■ TASK: What I need is an exact repeat of the lines from the one with "Glamorous high waisted" through the end of the listing below. Leave out every picture.

■ EXERCISE DATA:
▶

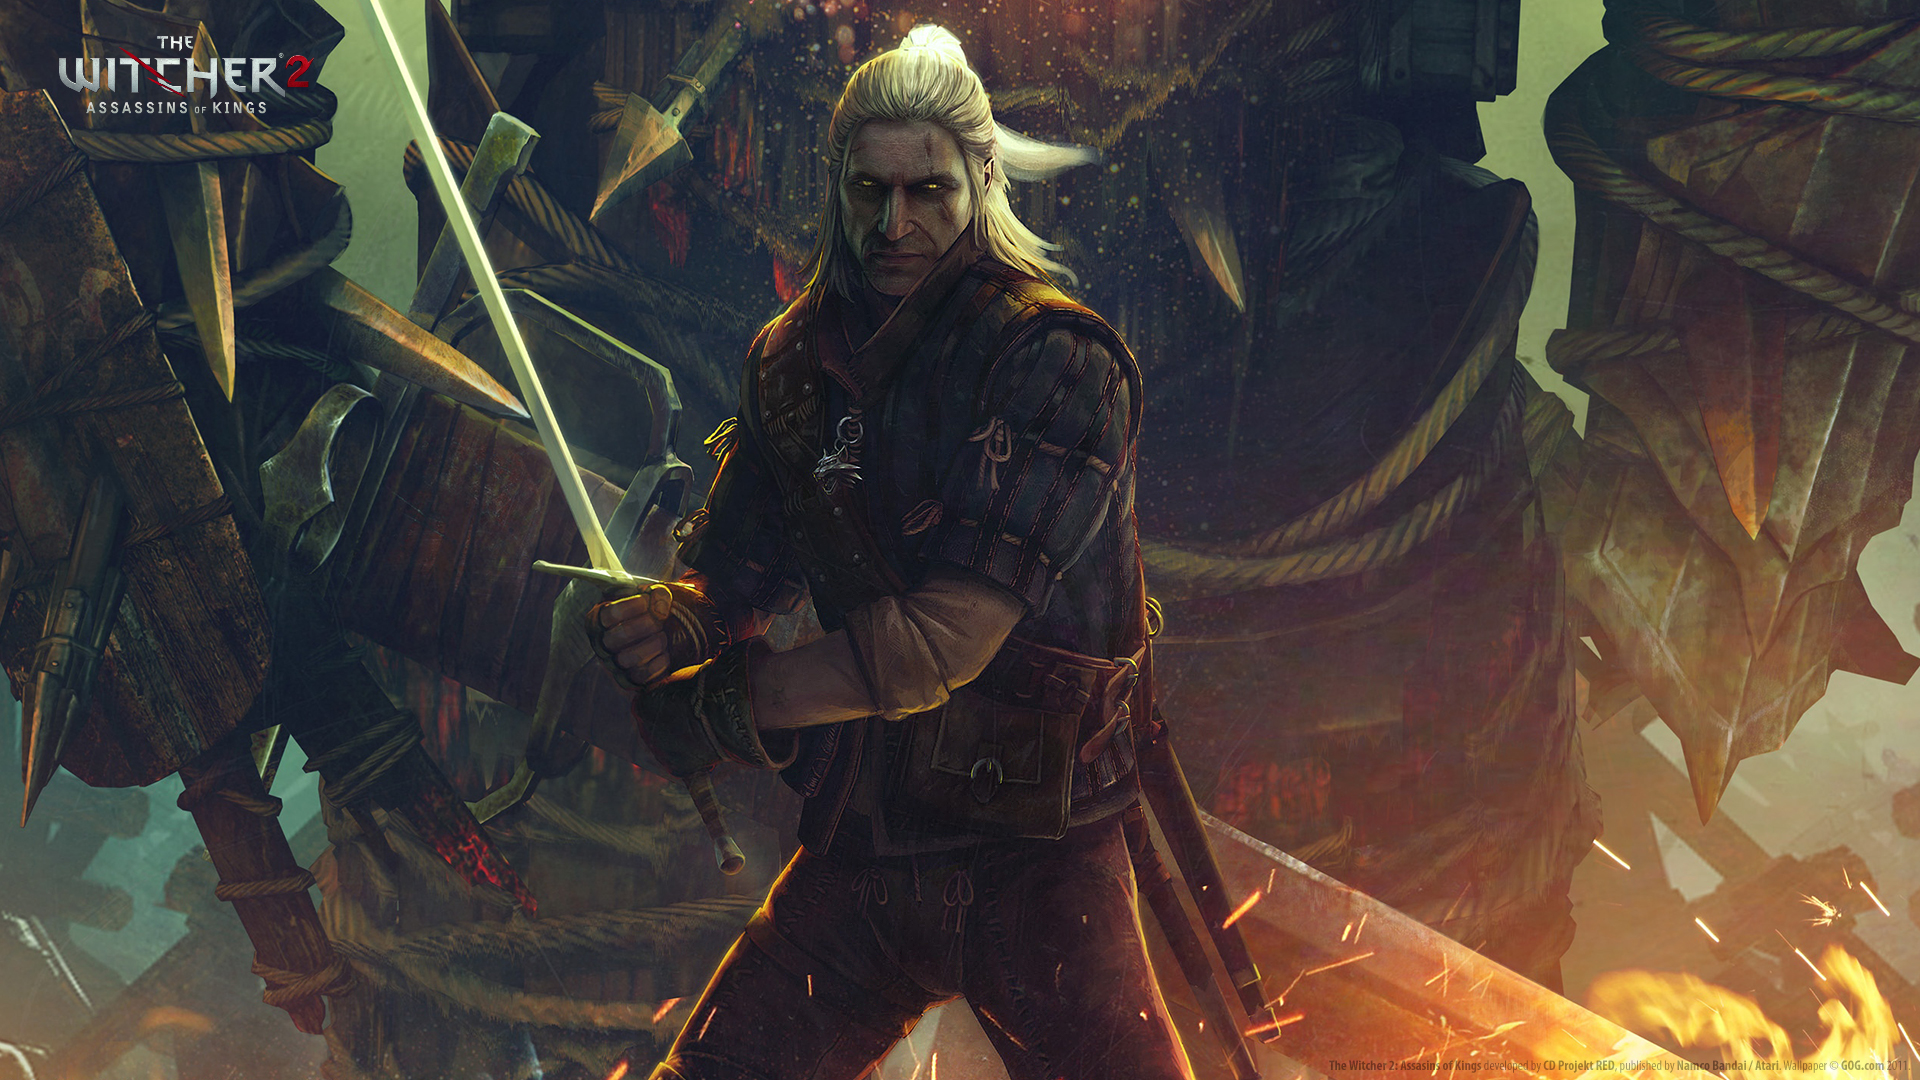 Free download wallpaper Video Game, The Witcher, The Witcher 2: Assassins Of Kings, Geralt Of Rivia on your PC desktop
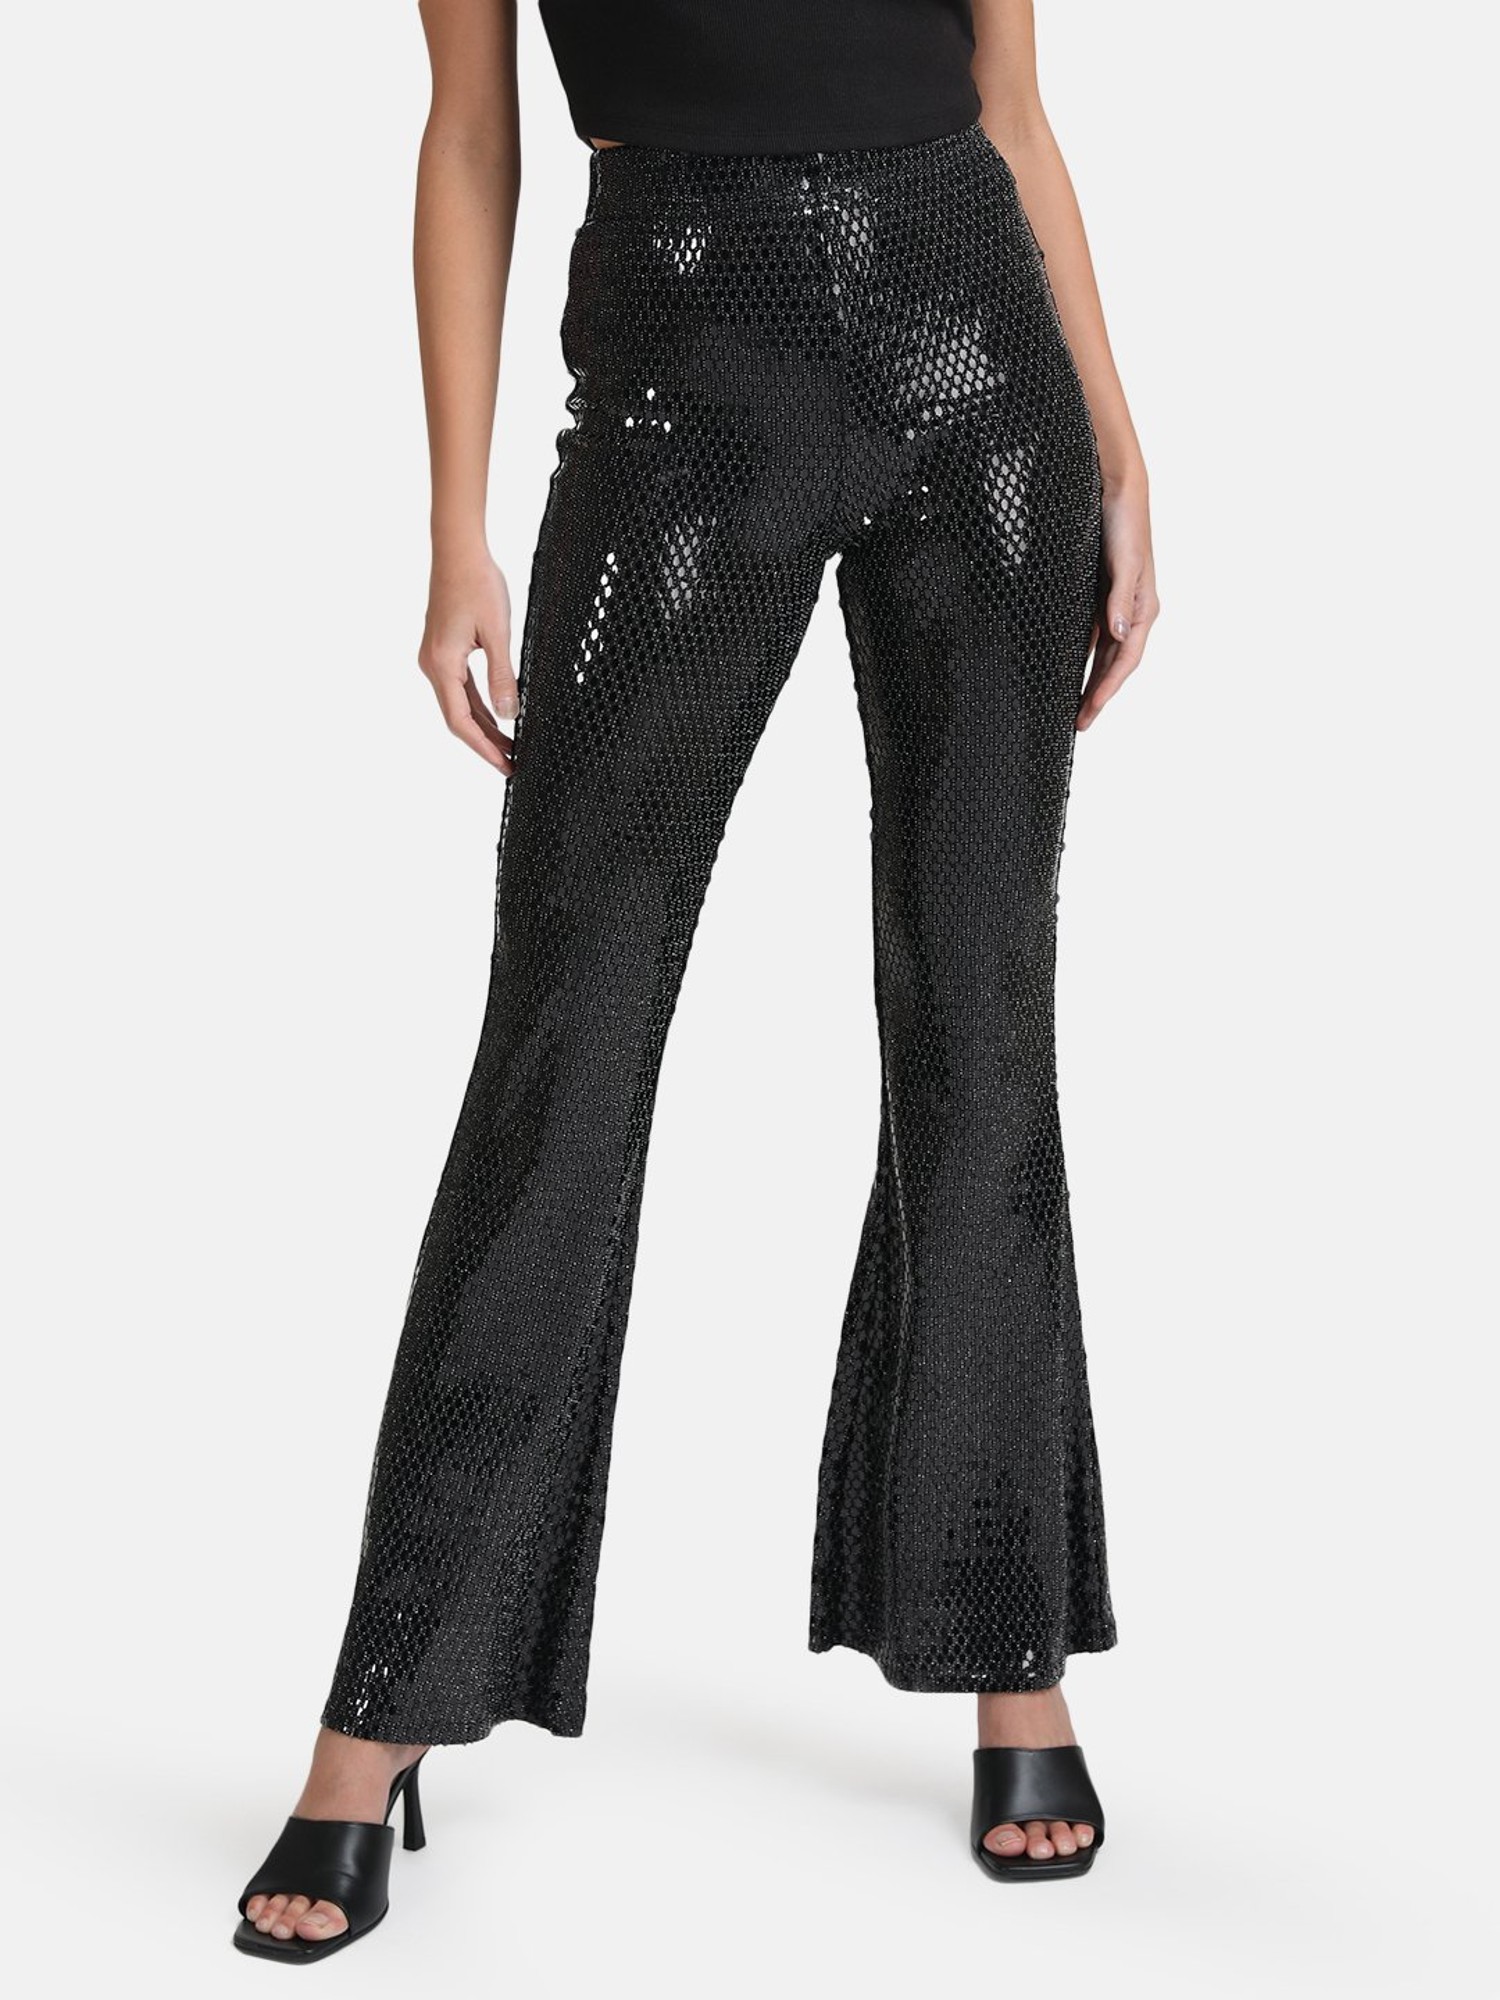 Glamorous high waisted flare pants in matte black sequin part of a set   ASOS
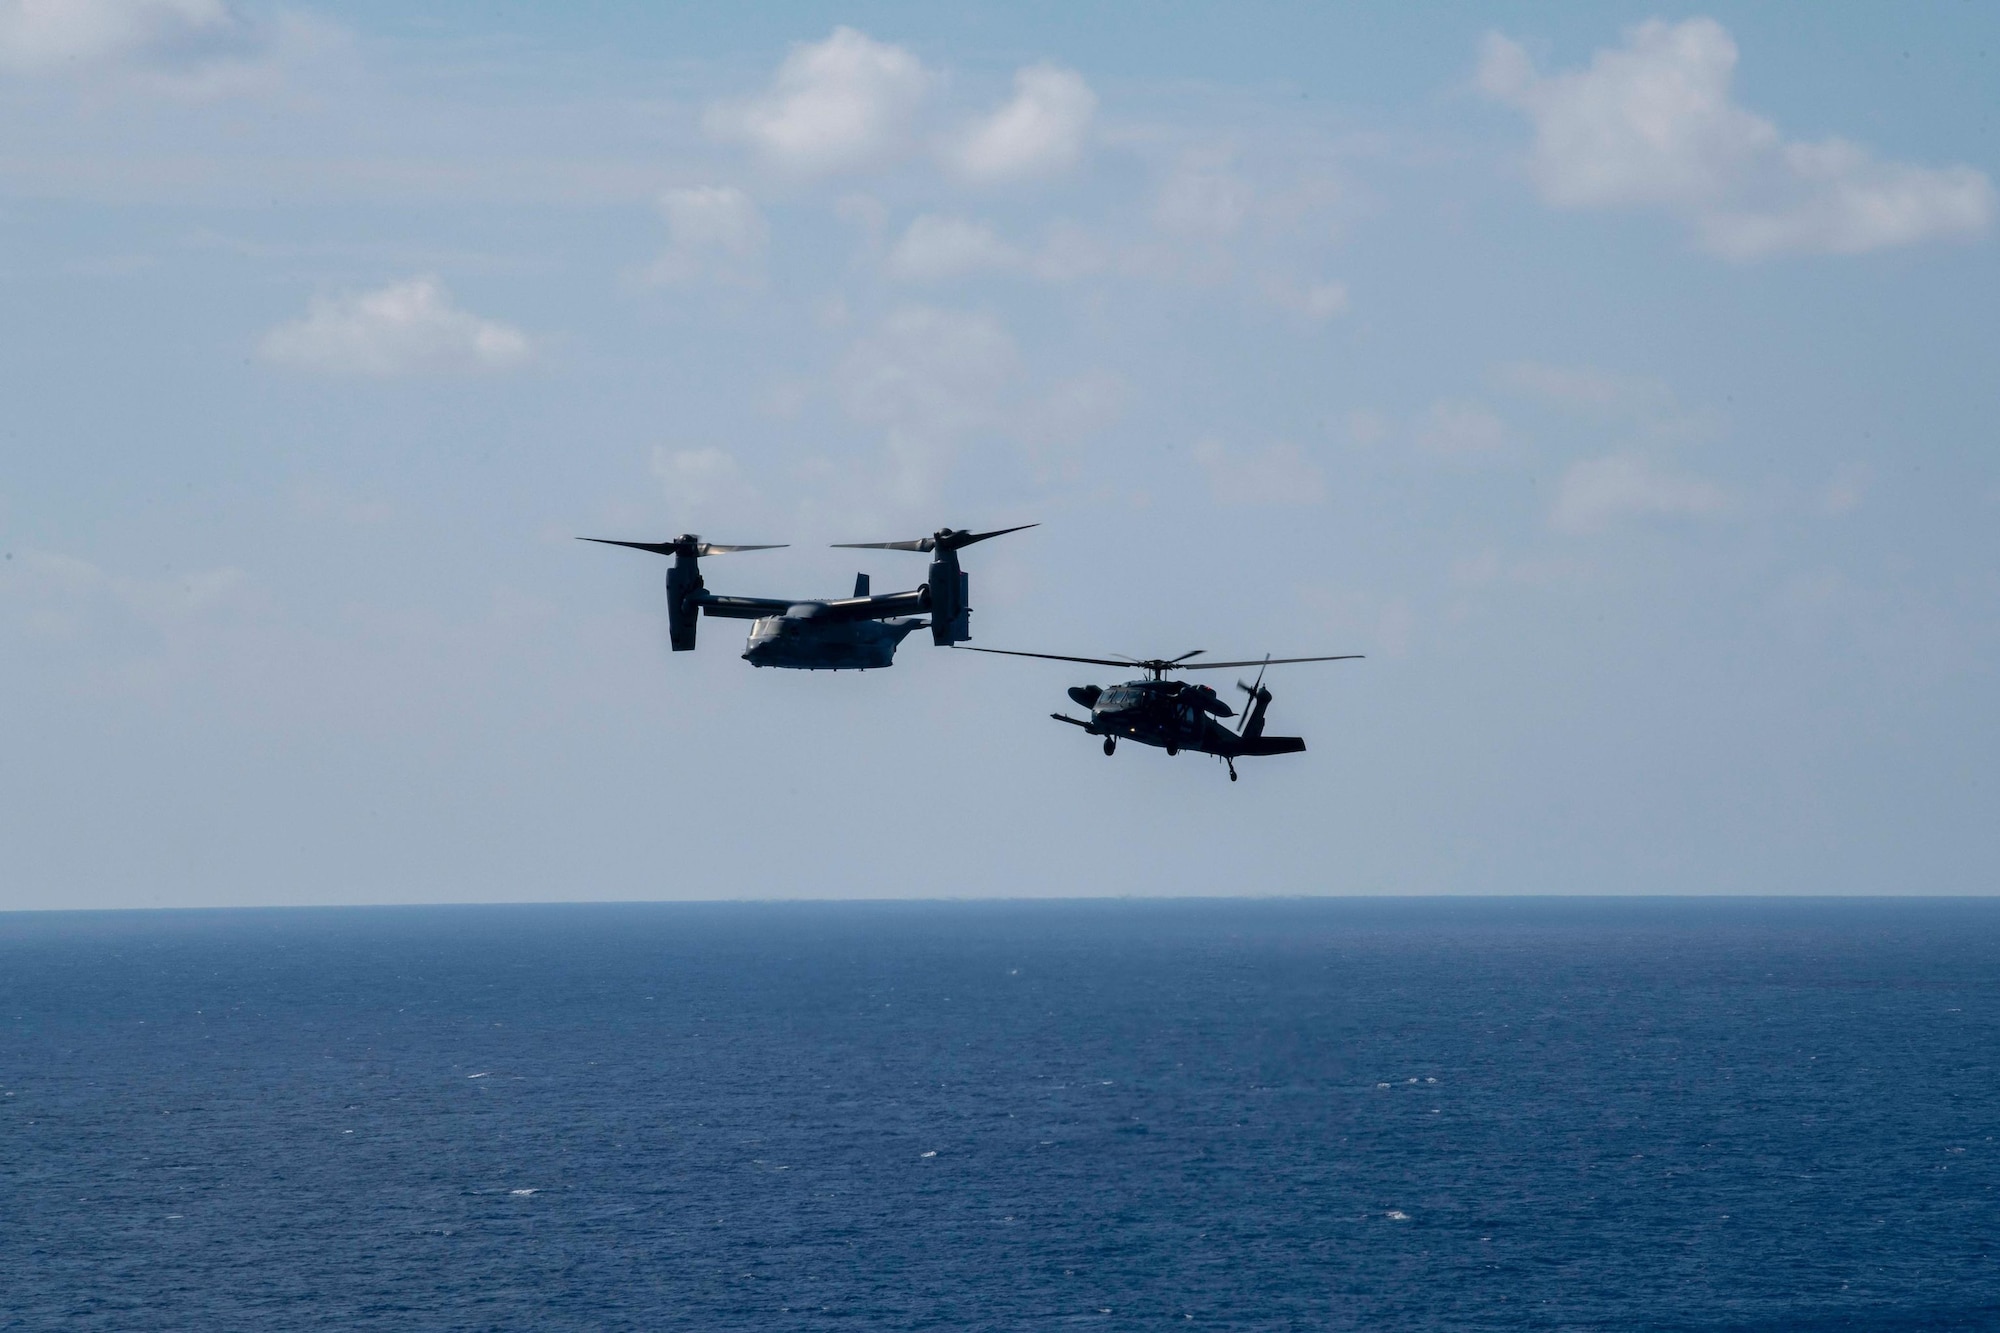 A CV-22 Osprey assigned to the 353rd Special Operations Wing flies alongside a Japanese Air Self Defense Force UH-60J assigned to Naha Air Rescue Wing on Nov 2, 2021 during a search and rescue exercise. The purpose of this training is to enhance the Japan-U.S. bilateral response capabilities to real-world emergencies. (U.S. Air Force Photo by A1C Moses Taylor)

◀

■ ANSWER:
 Glamorous high waisted flare pants in matte black sequin part of a set   ASOS
 A CV-22 Osprey assigned to the 353rd Special Operations Wing flies alongside a Japanese Air Self Defense Force UH-60J assigned to Naha Air Rescue Wing on Nov 2, 2021 during a search and rescue exercise. The purpose of this training is to enhance the Japan-U.S. bilateral response capabilities to real-world emergencies. (U.S. Air Force Photo by A1C Moses Taylor)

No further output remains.